This role will provide the candidate an opportunity to deliver enterprise-scale data workloads following a data lakehouse architecture on a modern cloud-based data stack for our new Commercial Risk Solutions Ecosystem. These data workloads represent strategic feeds to support our BI / Analytics solutions that are essential to the value proposition of our ecosystem.
responsibilities :
Cross-functional Team : Work within a cross-functional Agile team alongside Product Owner, Data Architect and Data Analysts to deliver on release goals for a global program
Data Workload Design : Design scalable and efficient data workloads architectures that integrate our transactional systems with a new lakehouse data model.
Data Integration : Develop, test and maintain data pipelines (ETL) for integrating diverse data sources into a unified format embedding best practices and standards.

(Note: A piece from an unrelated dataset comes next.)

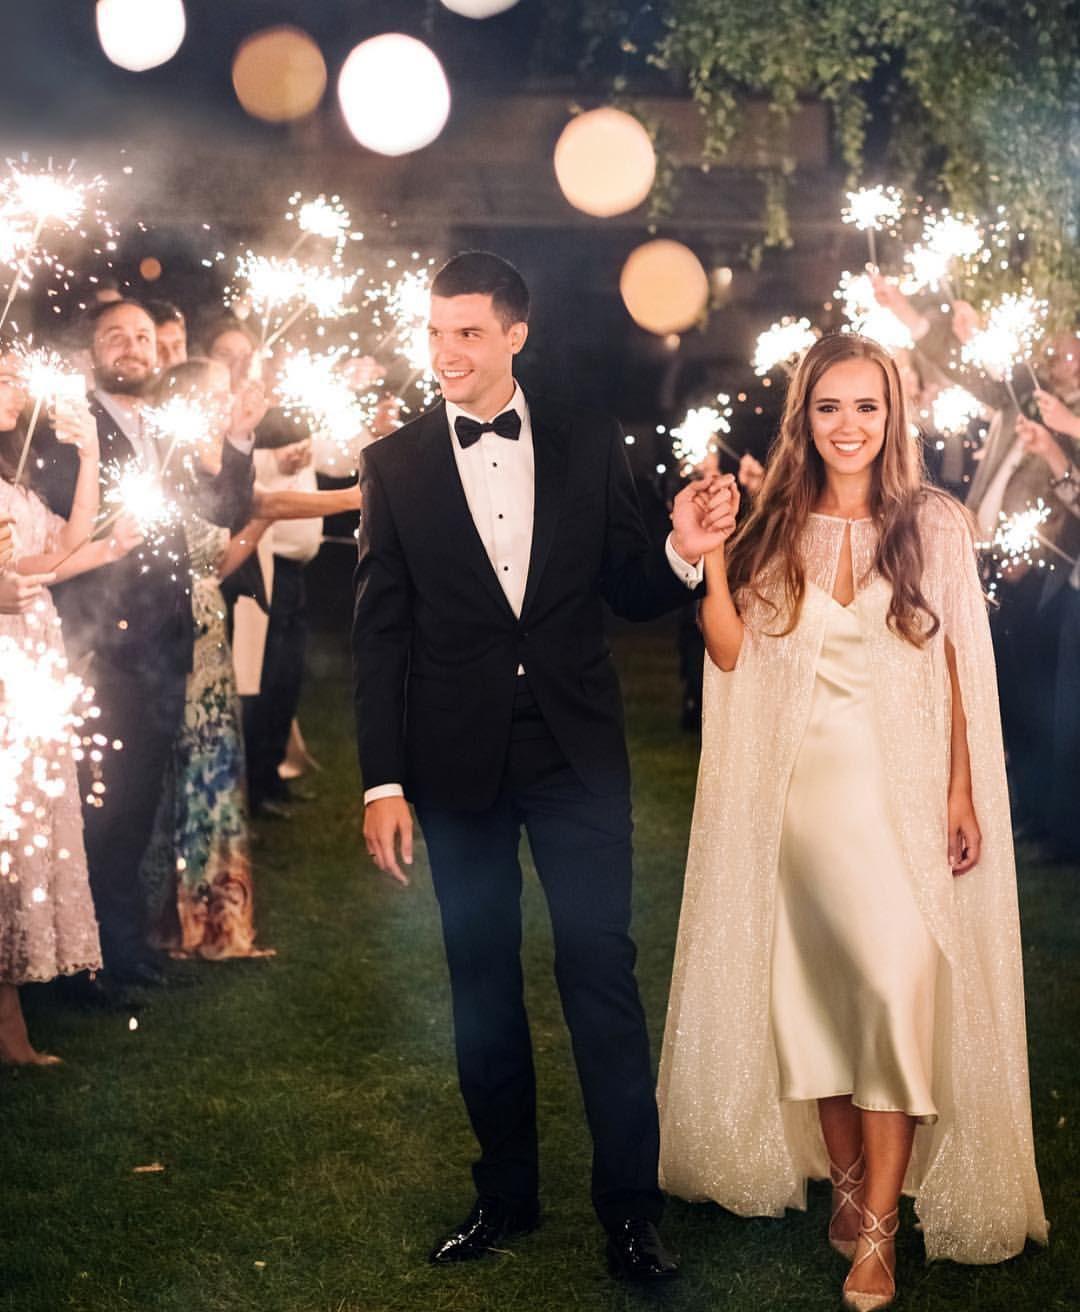 Wedding Altar Groomsmen: Pin By Amanda Blue On Wedding Inspiration

Data Management : Manage and optimize data to ensure efficient data storage, retrieval, and processing.
Data Quality Management : Implement automated data quality checks and ensure data integrity throughout the migration process.

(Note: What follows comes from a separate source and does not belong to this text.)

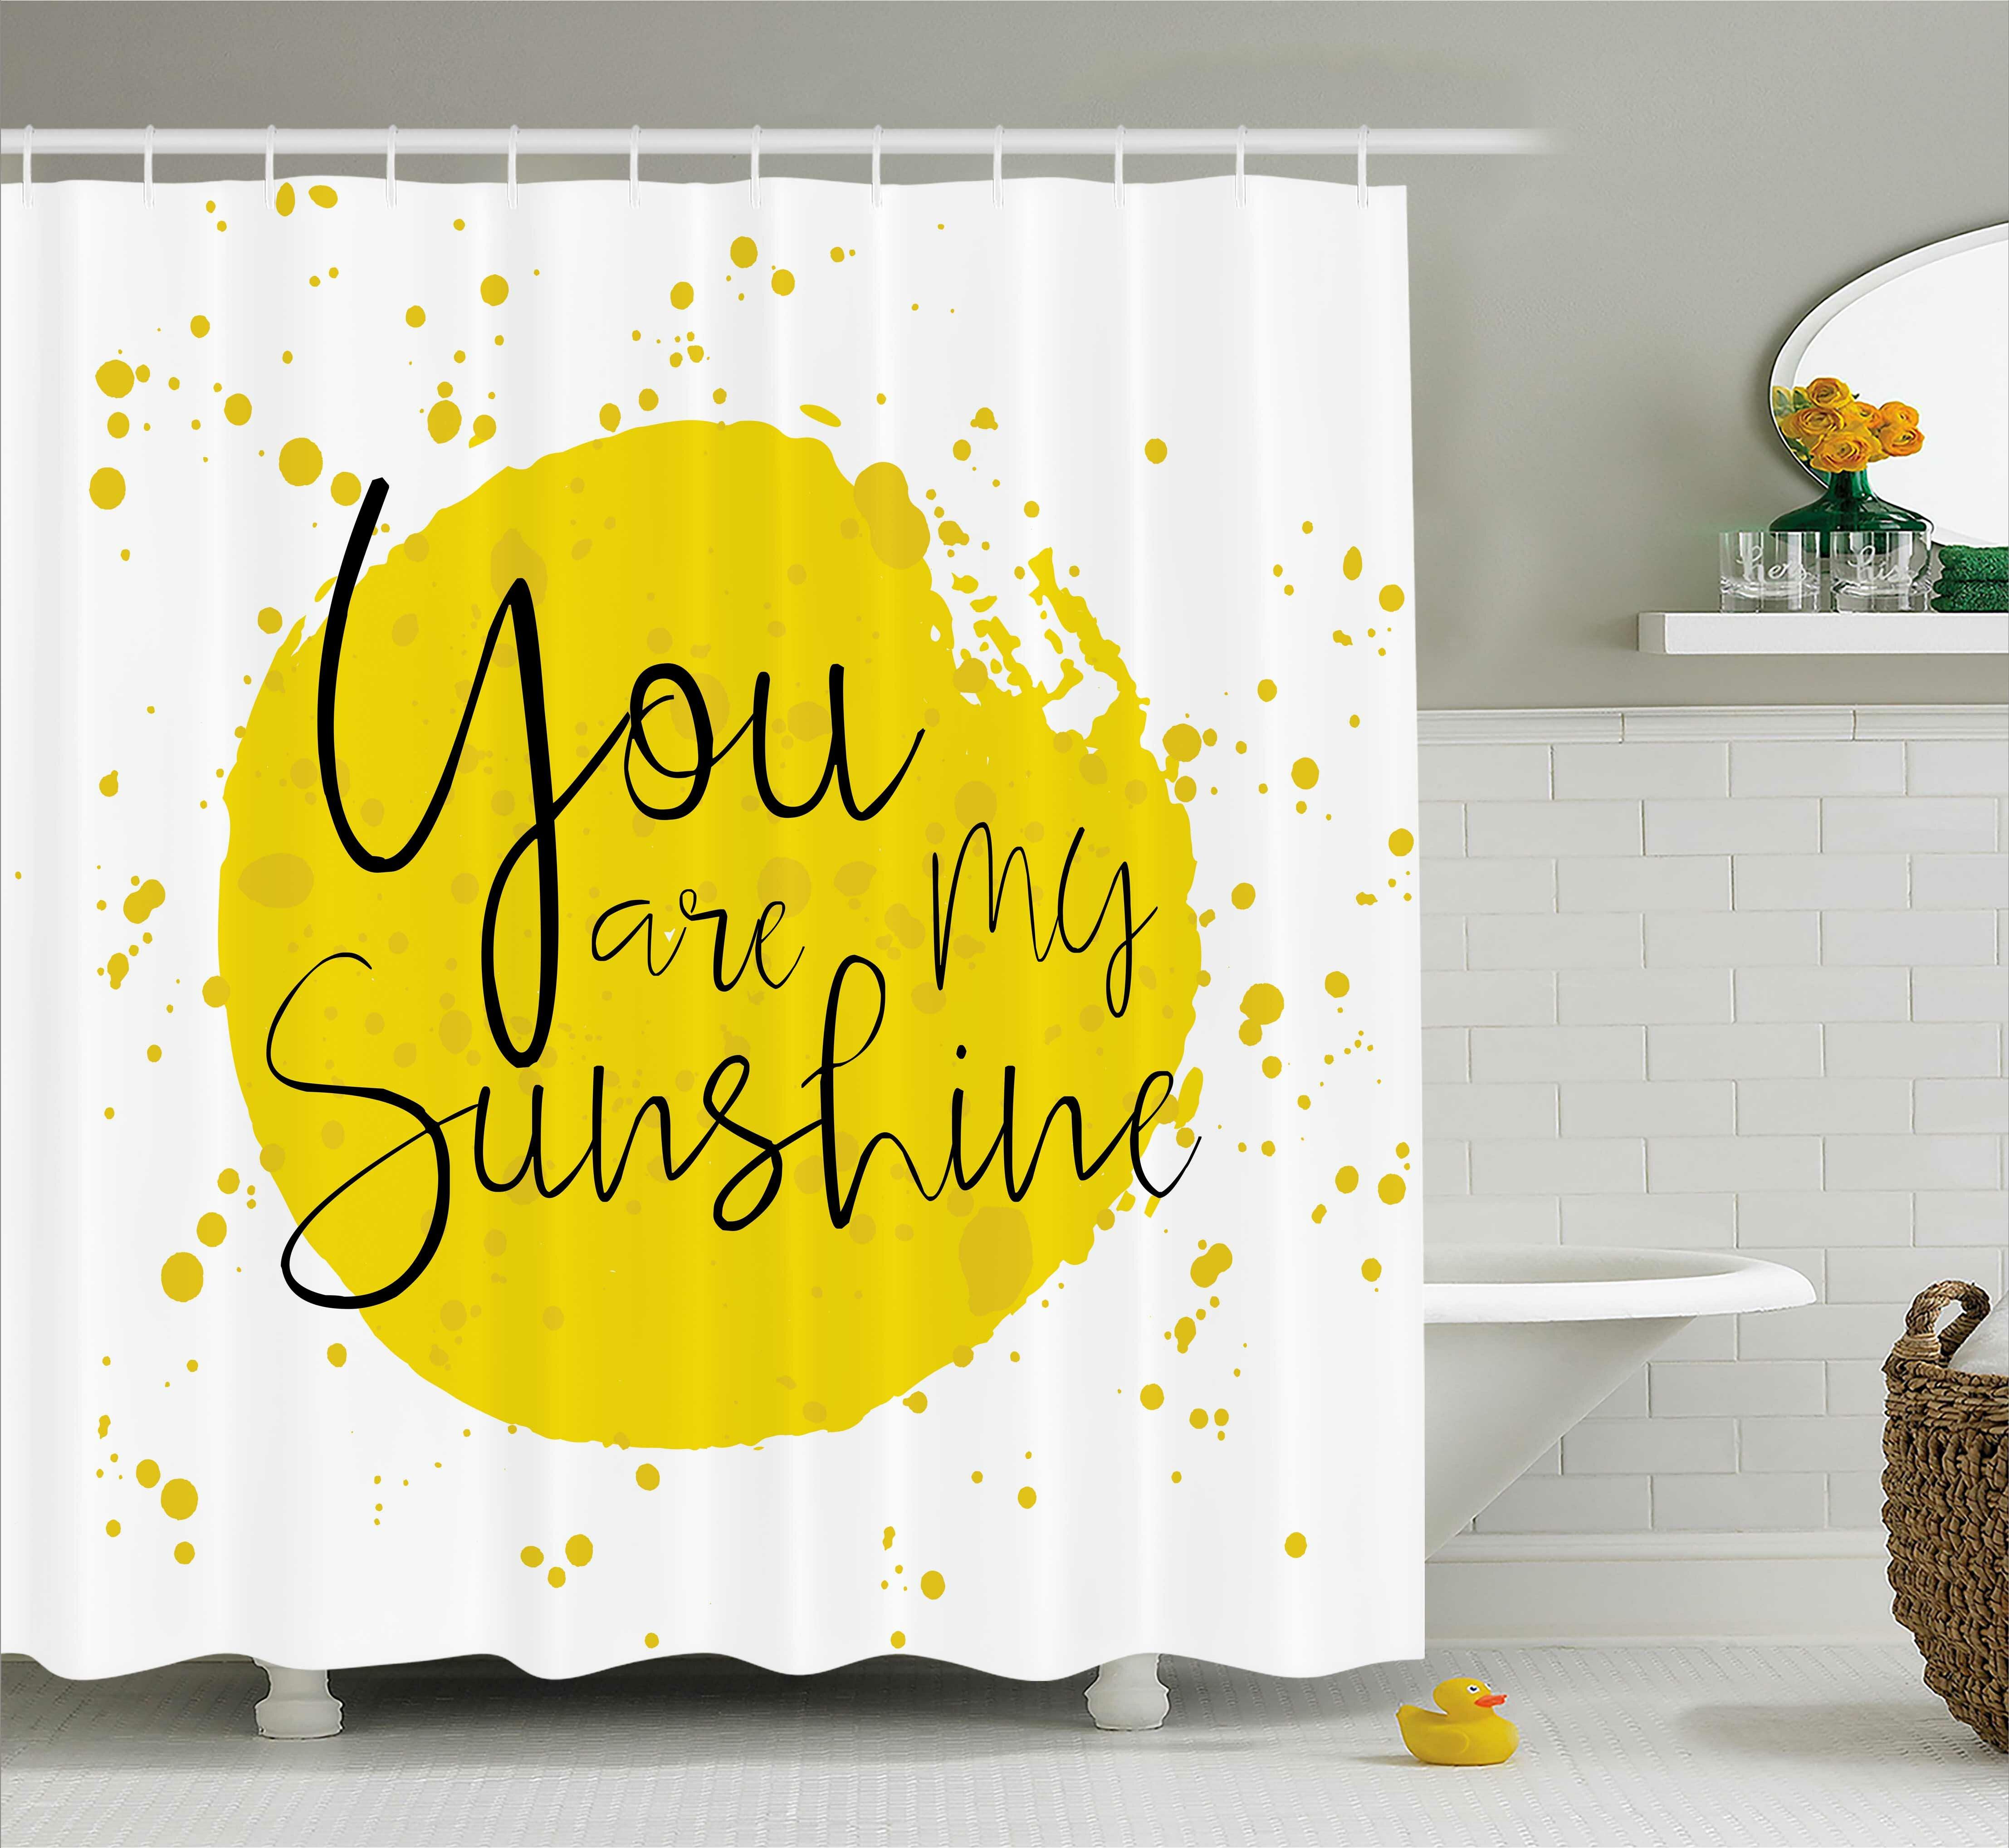 East Urban Home Circular Splash Quotes Decor Shower Curtain

Documentation : Create and maintain comprehensive documentation for data processes, ensuring knowledge transfer, observability and supportability.
Performance Monitoring : Monitor and optimize data performance to meet defined service-level agreements.
Troubleshooting : Identify and resolve data-related issues in a timely manner, collaborating with relevant teams.
requirements-expected :
Advanced Technical Skills :
In-depth knowledge in programming languages such as Python incl. Spark / Scala.
Experience with ETL tools and lakehouse architectures (3+years) through Databricks, Apache SparkSql and similar
Strong SQL skills for data manipulation and querying Pipeline efficiency optimization skills
Hands on experience with Agile technical practices, source versioning and Agile project management tools (Azure Repos, GitLab, Azure DevOps, Jira, Confluence, other)
Database Knowledge : Familiarity with relational and non-relational databases (Oracle, MSSQLServer).